A second weakness is that the researchers did not directly observe the consumption to confirm the quantity of flower consumed or whether it was consumed in a way that might indicate an effort to alter subjective effects (such as taking smaller or bigger hits or inhaling more deeply). Finally, because self-report data were solely gathered via standardized and closed-ended surveys, the researchers may have missed opportunities to fill in these gaps in knowledge by discussing use behaviors with participants.

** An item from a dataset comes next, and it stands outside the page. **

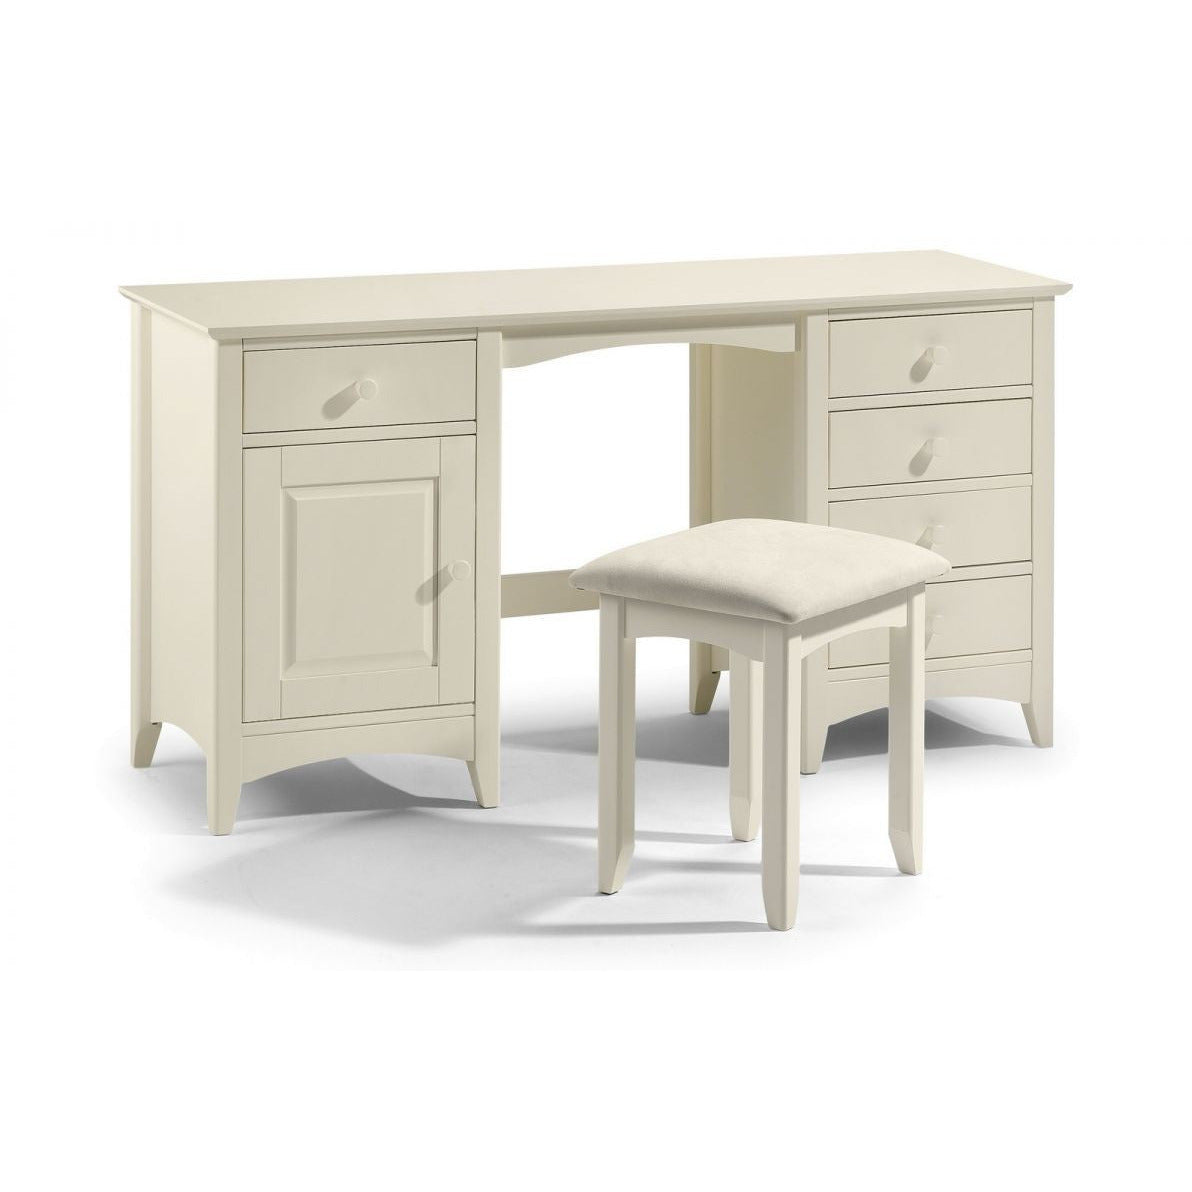 CAMEO TWIN PEDESTAL DRESSING TABLE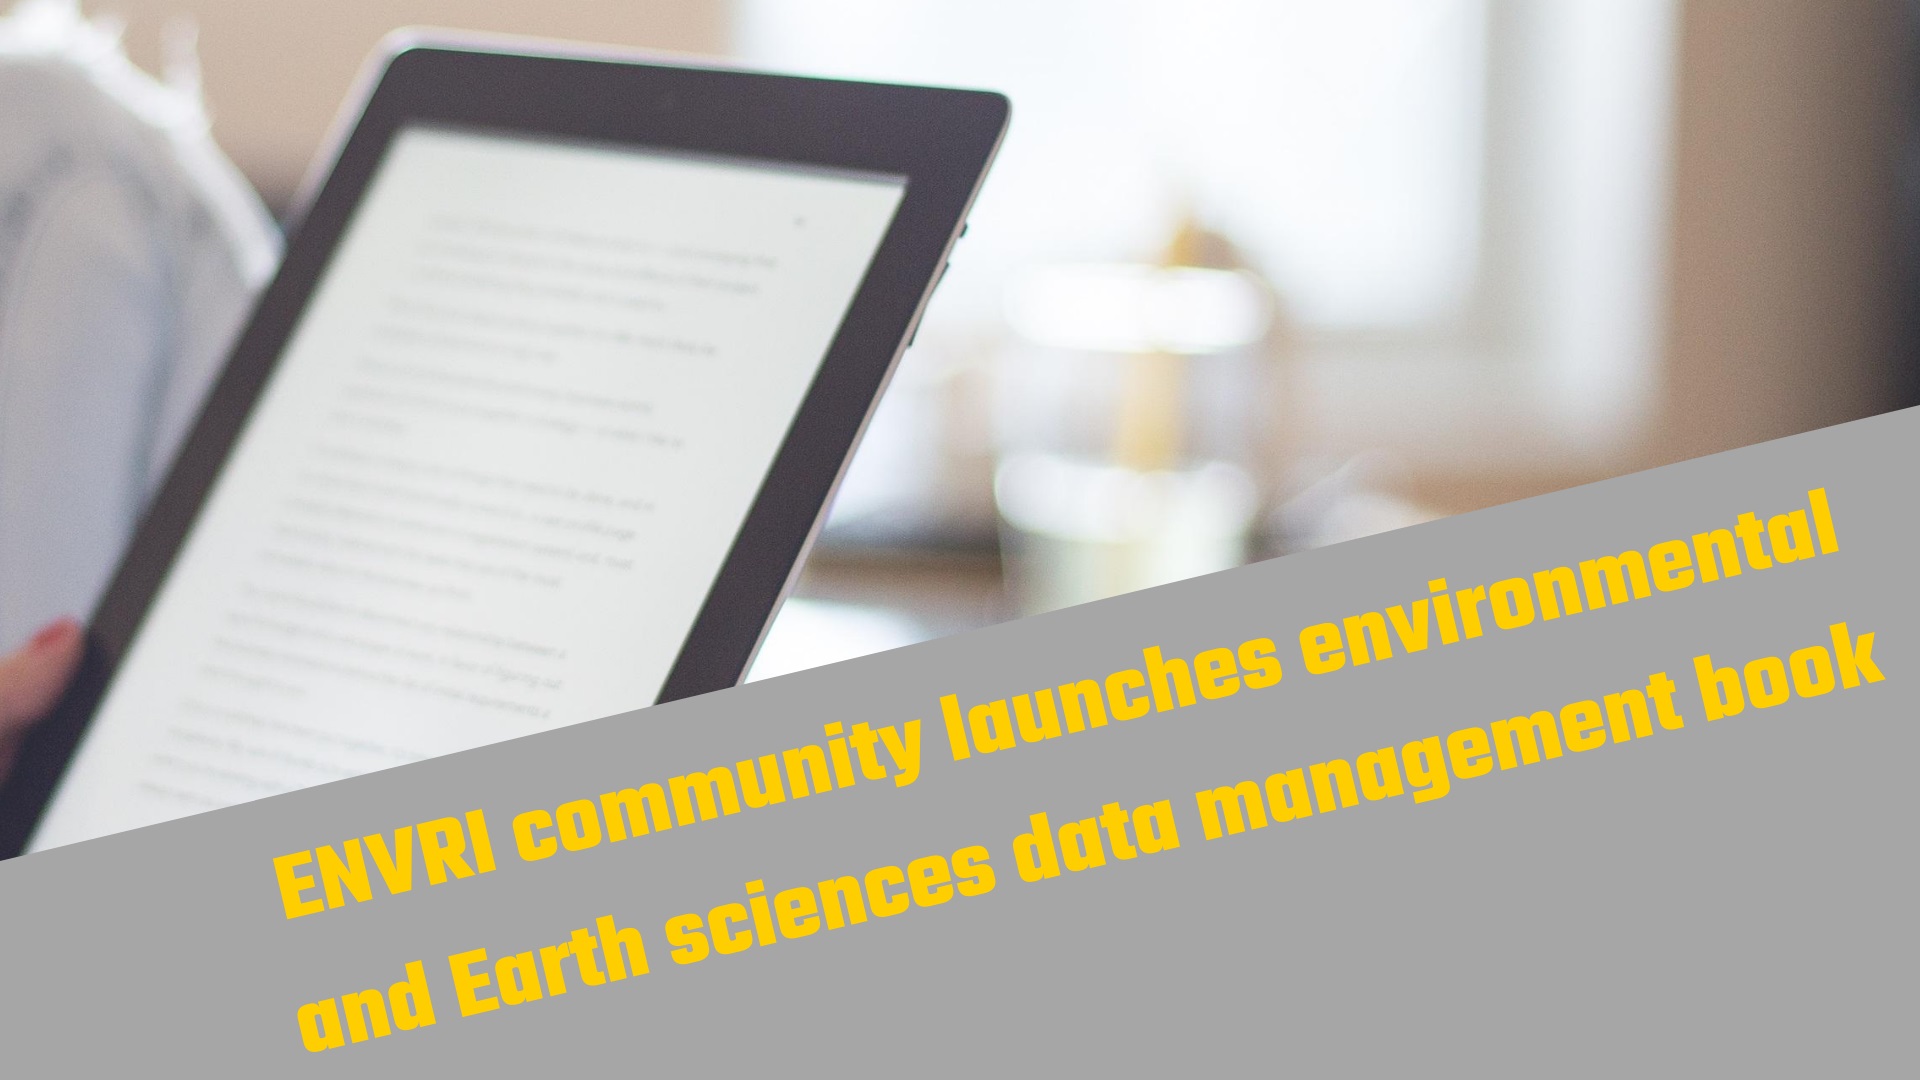 ENVRI community launches environmental and Earth sciences data management book

Despite these limitations the findings have potential implications for both medicinal and recreational cannabis use. If CBD does in fact mitigate the harms associated with THC without undermining the desired effects, it may be warranted to advise individuals who enjoy the “high” or who derive THC-specific therapeutic benefits but are sensitive to paranoia and anxiety to seek out flower and other cannabis products with balanced chemical profiles. Yet, more research is necessary to make any clear recommendations.